This chapter and the next discuss the prominent features of international arbitration.
I. INTRODUCTION
The term international arbitration can be defined in various ways. For purposes of this guide, an international arbitration is an arbitration with one or more cross-border elements. International elements may include the site of the arbitration, the applicable substantive law, the nationalities of the parties, the likely places of performance or enforcement, or other similar factors that reflect a reasonable relationship with one or more foreign states and their citizens and entities. See, e.g., 9 U.S.C. § 202.

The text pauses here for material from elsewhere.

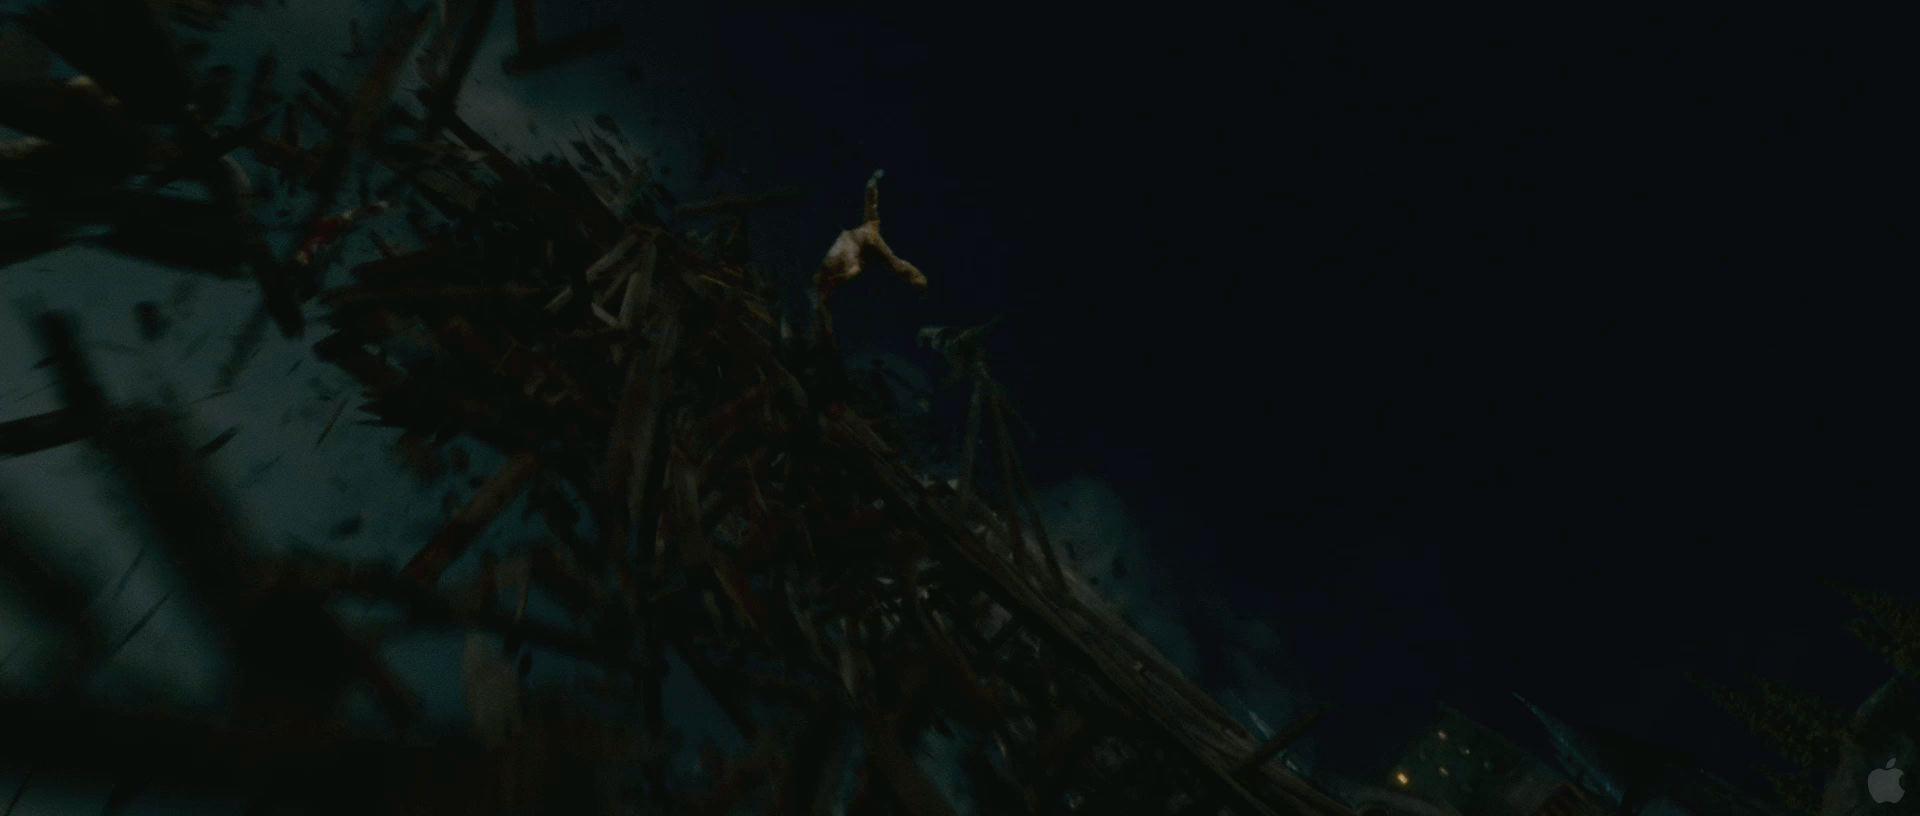 Harry Potter BlogHogwarts HP7 2 Trailer 75

The conduct of international arbitration in the United States has become increasingly commonplace, indeed, today it is the norm for resolving cross-border business disputes. Factors contributing to the rise of international arbitration in the U.S. range from (1) greater receptivity to and endorsement of international arbitration in a series of United States Supreme Court decisions (see, e.g., Scherk v. Alberto-Culver Co., 417 U.S. 506 (1974); Mitsubishi Motors Corp. v. Soler Chrysler-Plymouth, Inc., 473 U.S. 614 (1985)) to (2) the increased sophistication and number of U.S.-based arbitrators and attorneys with international/foreign law and international arbitration backgrounds and (3) the heightened emphasis on international arbitration by U.S.-based arbitral institutions and centers.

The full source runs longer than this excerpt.